This might be the straw

As we are now aware, we have had three regional bank failures and a lot of nervous deposit holders. Investors are reassured by regulatory actions to limit the fallout. Specifically, that SVB depositors will be protected.

We hope the FEDs will pause and see what they have done. Let’s hope they move less aggressively raising interest rates.

From a bond perspective, we are seeing one of the largest rate improvements I have seen in the last five years. As of last Thursday, we have seen a 159bp (basis point) drop-in rates. The national average rate went from 7.126% to 6.879%.

So, what happened to Silicon Valley Bank.

How did SVB get here: During the pandemic they had a huge influx of deposits. Some of those deposits they made loans, while other funds were deposited in Securities i.e., bonds. The underlying issue was the Fed raising rates. When the rates rose, those purchased bonds lowered in value. This is not a problem unless you need to sell early.

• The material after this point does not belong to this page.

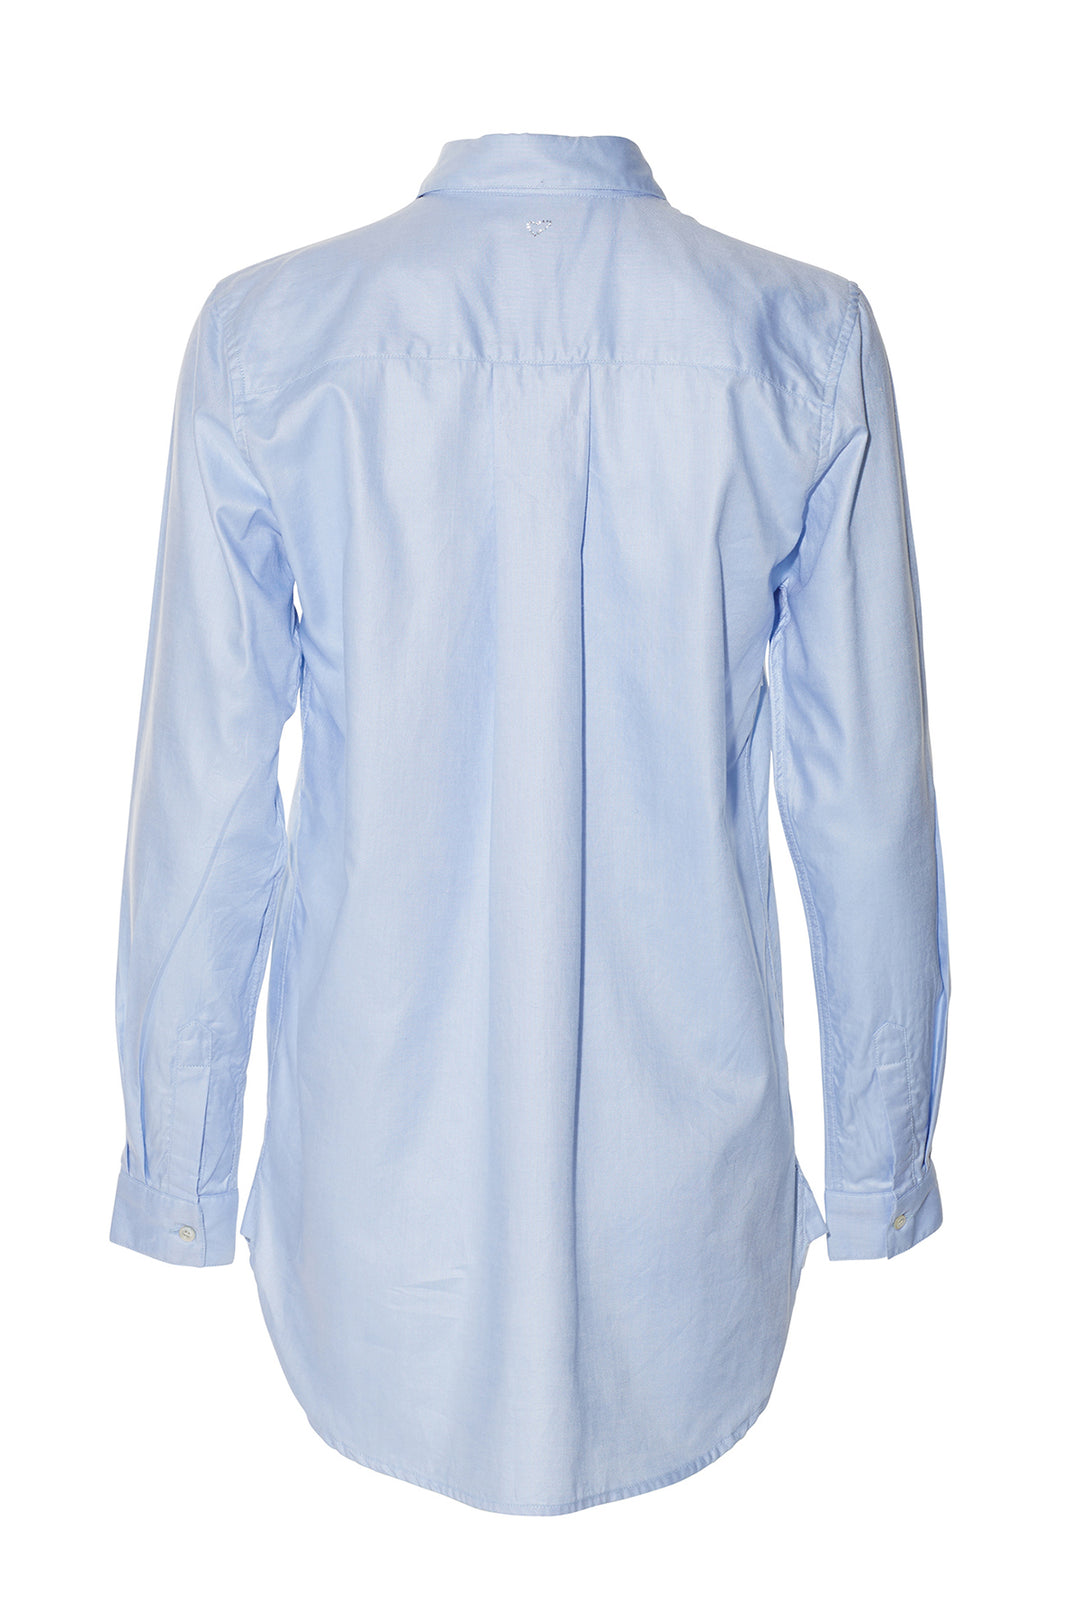 Heartmade Marlis shirt HM SHIRTS 21 Light blue

Deposits started to leave the bank faster than they anticipated which forced SVB to sell the bonds at a reduced price and took a loss. Last Wednesday they announced they needed to raise capital the next day, and that panicked the depositors. The stock sold off and in one day 42 billion dollars was withdrawn. SVB was forced to meet draw demands. They sold $21B and forced to take a $2B loss.

How Significant is the collapse: it matters because it could panic other parts of the banking system like Signature bank and First Republic, who announced they received funds from the Federal Reserve and JP Morgan.

What could happen next: The Key thing to watch is, are the investors and depositors reassured. Time will tell.